[Date Prev][Date Next][Thread Prev][Thread Next][Date Index][Thread Index]

Re: [Xen-devel] [PATCH v2 COLOPre 03/13] libxc/restore: zero ioreq page only one time



On 10/06/15 10:06, Wen Congyang wrote:
> Cc: Paul Durrant
>
> On 06/10/2015 03:44 PM, Andrew Cooper wrote:
>> On 10/06/2015 06:26, Yang Hongyang wrote:
>>>
>>> On 06/09/2015 03:30 PM, Andrew Cooper wrote:
>>>> On 09/06/2015 01:59, Yang Hongyang wrote:
>>>>>
>>>>> On 06/08/2015 06:15 PM, Andrew Cooper wrote:
>>>>>> On 08/06/15 10:58, Yang Hongyang wrote:
>>>>>>>
>>>>>>> On 06/08/2015 05:46 PM, Andrew Cooper wrote:
>>>>>>>> On 08/06/15 04:43, Yang Hongyang wrote:
>>>>>>>>> ioreq page contains evtchn which will be set when we resume the
>>>>>>>>> secondary vm the first time. The hypervisor will check if the
>>>>>>>>> evtchn is corrupted, so we cannot zero the ioreq page more
>>>>>>>>> than one time.
>>>>>>>>>
>>>>>>>>> The ioreq->state is always STATE_IOREQ_NONE after the vm is
>>>>>>>>> suspended, so it is OK if we only zero it one time.
>>>>>>>>>
>>>>>>>>> Signed-off-by: Yang Hongyang <yanghy@xxxxxxxxxxxxxx>
>>>>>>>>> Signed-off-by: Wen congyang <wency@xxxxxxxxxxxxxx>
>>>>>>>>> CC: Andrew Cooper <andrew.cooper3@xxxxxxxxxx>
>>>>>>>> The issue here is that we are running the restore algorithm over a
>>>>>>>> domain which has already been running in Xen for a while.  This is a
>>>>>>>> brand new usecase, as far as I am aware.
>>>>>>> Exactly.
>>>>>>>
>>>>>>>> Does the qemu process associated with this domain get frozen
>>>>>>>> while the
>>>>>>>> secondary is being reset, or does the process get destroyed and
>>>>>>>> recreated.
>>>>>>> What do you mean by reset? do you mean secondary is suspended at
>>>>>>> checkpoint?
>>>>>> Well - at the point that the buffered records are being processed, we
>>>>>> are in the process of resetting the state of the secondary to match
>>>>>> the
>>>>>> primary.
>>>>> Yes, at this point, the qemu process associated with this domain is
>>>>> frozen.
>>>>> the suspend callback will call libxl__qmp_stop(vm_stop() in qemu) to
>>>>> pause
>>>>> qemu.
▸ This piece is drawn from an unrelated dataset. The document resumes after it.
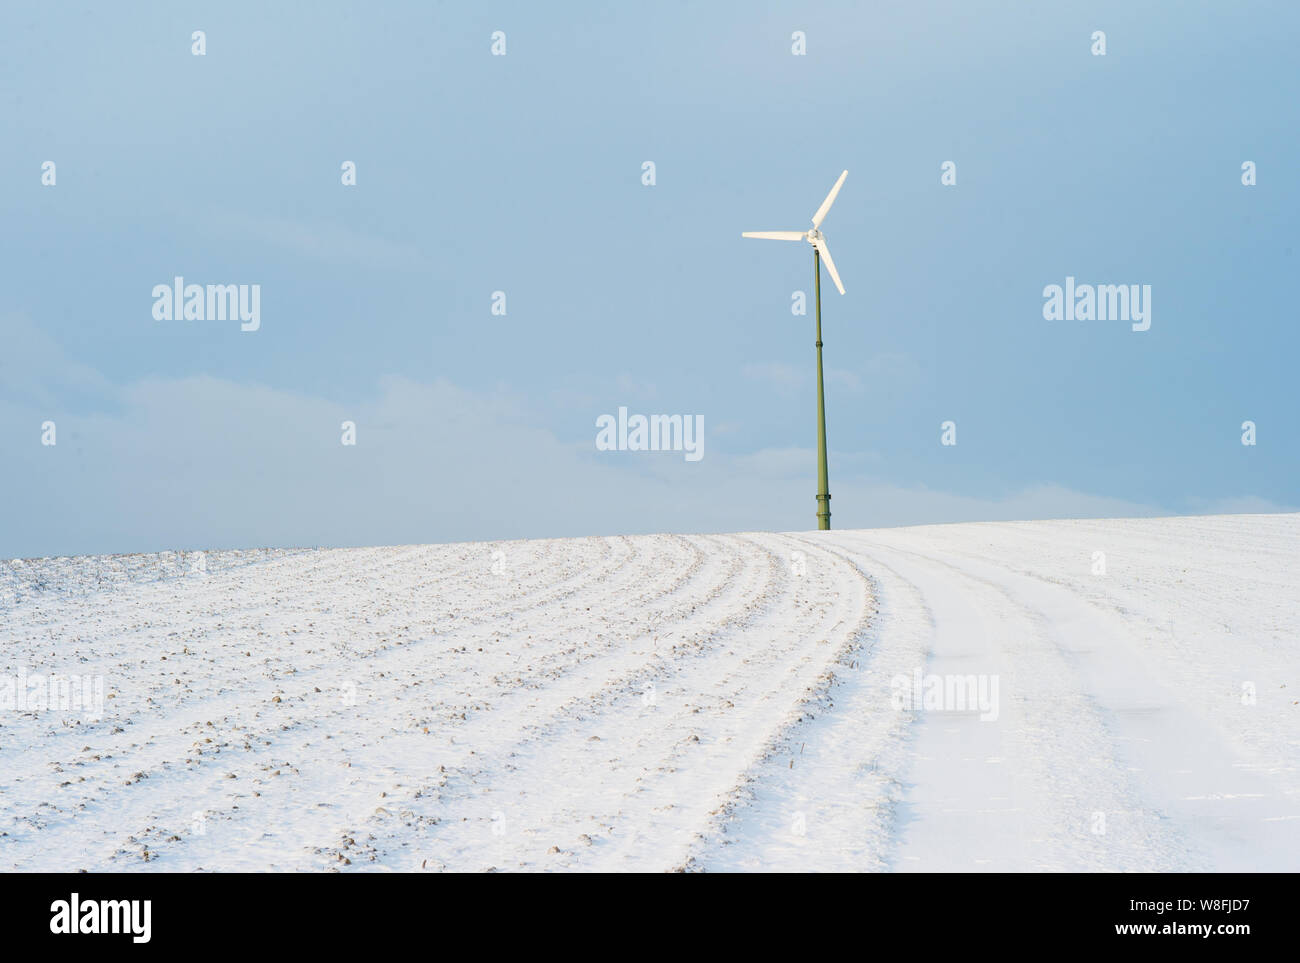 Electric usine éolienne sur une colline couverte de neige - un concept pour l'énergie renouvelable Banque D'Images

After we processed all records, qemu will be restored with the
>>>>> received
>>>>> state, that's why we add a libxl__qmp_restore(qemu_load_vmstate() in
>>>>> qemu)
>>>>> api to restore qemu with received state. Currently in libxl, qemu only
>>>>> start
>>>>> with the received state, there's no api to load received state while
>>>>> qemu is
>>>>> running for a while.
>>>> Now I consider this more, it is absolutely wrong to not zero the page
>>>> here.  The event channel in the page is not guaranteed to be the same
>>>> between the primary and secondary,
>>> That's why we don't zero it on secondary.
>> I think you missed my point.  Apologies for the double negative.   It
>> must, under all circumstances, be zeroed at this point, for safety reasons.
>>
>> The page in question is subject to logdirty just like any other guest
>> pages, which means that if the guest writes to it naturally (i.e. not a
>> Xen or Qemu write, both of whom have magic mappings which are not
>> subject to logdirty), it will be transmitted in the stream.  As the
>> event channel could be different, the lack of zeroing it at this point
>> means that the event channel would be wrong as opposed to simply
>> missing.  This is a worse position to be in.
> The guest should not access this page. I am not sure if the guest can
> access the ioreq page.

"should not" and "can't" are two very different things.  We have had
XSAs covering the fact that the guest can write to these pages in the past.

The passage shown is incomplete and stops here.